The undated rant illustrates what was, at the time, a behavior that - as designed - was likely to cause data loss. That’s the sort of thing @SpivR was talking about, and would require a real backup to restore.
If you need something more current, here’s a thread where people indicate that the problem in the “rant” is still an issue:
https://support.google.com/drive/thread/6112837?hl=en
Sure. The same is true with smartphones, though. Data loss is relatively rare. By that logic, iCloud backup seems pretty useless. I’ll just go disable it right now.
I don’t think the idea of backups is “falling away” - I think it pretty much never existed to begin with. Working with computers for 30-ish years, I don’t know hardly anybody who actually made backups. It’s not like everybody did it 30, 20, or 10 years ago, and now they’re not. They never did it.

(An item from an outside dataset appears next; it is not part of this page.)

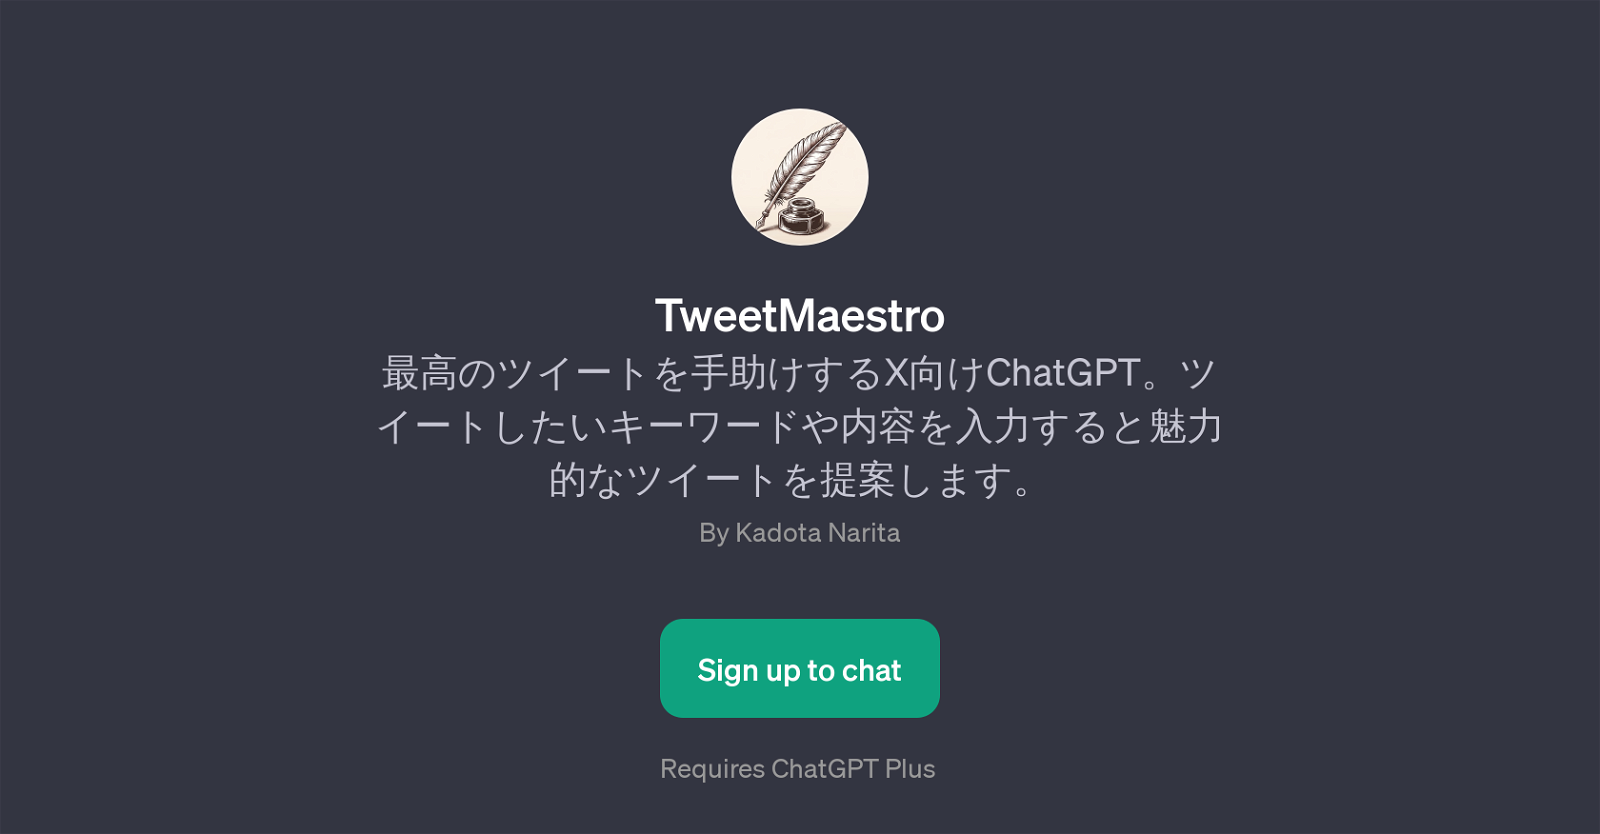 TweetMaestro website
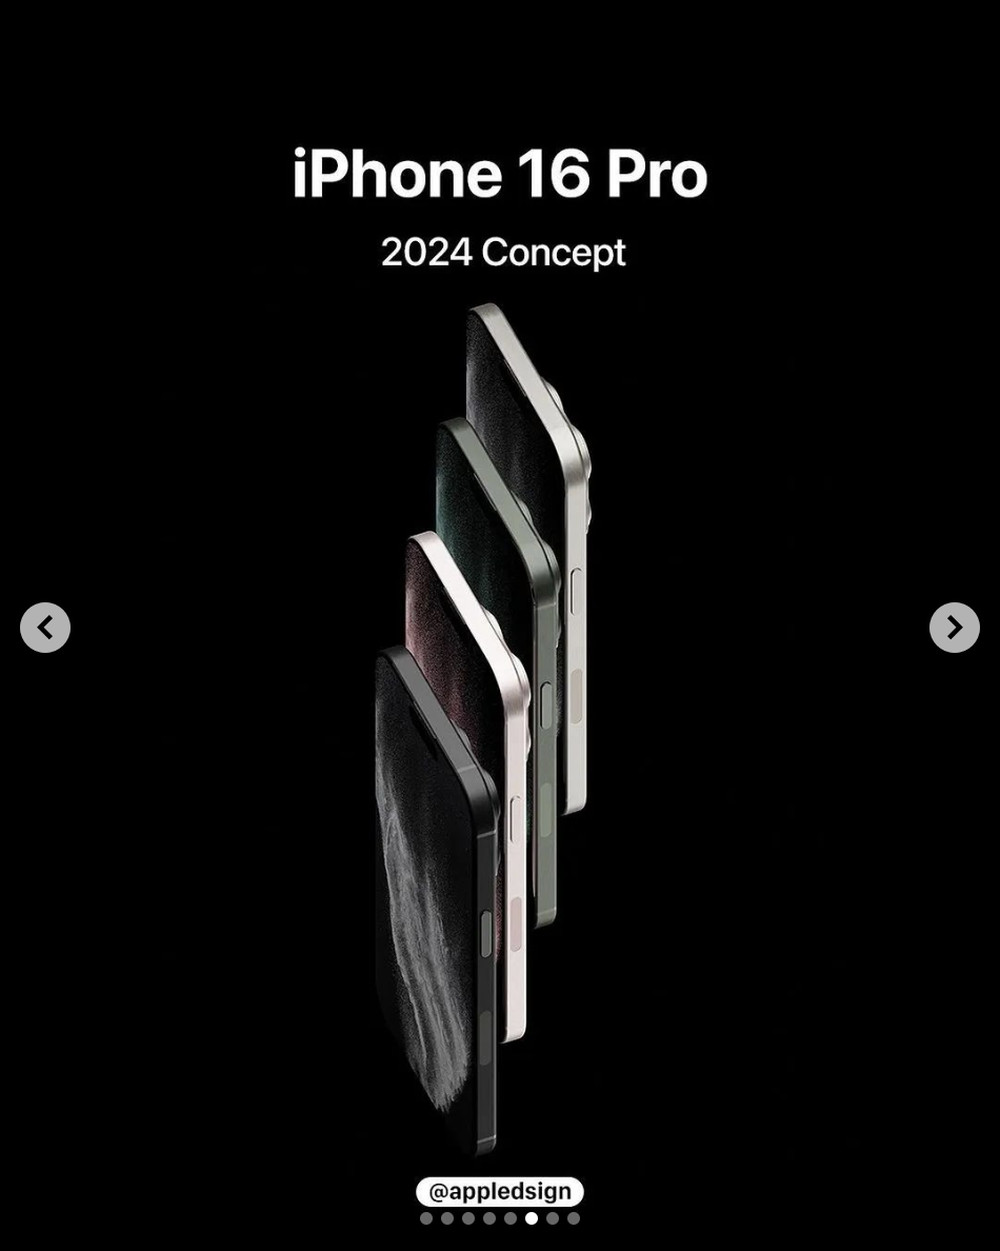 iPhone 16 hé lộ giao diện mới, thay đổi thiết kế với 4 camera, phối màu mới khiến dân tình “nứt mắt” - ảnh 3

The distinction, of course, is that now manufacturers are starting to develop methodologies whereby consumer data gets backed up without the consumers’ intervention (and sometimes, without their knowledge). It’s good progress.
But calling a cloud-based sync a backup is bad terminology at a minimum. The fact that Apple (hypothetically) has a backup drive in a data center somewhere where they could recover the 30 important photos, or the critical business documentation, or whatever that got torched due to a sync glitch, or user error, or whatever, doesn’t mean you’ll ever get your data back.
And that goes probably double or triple for Google, as their end-user support is (in my experience) is much sketchier than Apple’s.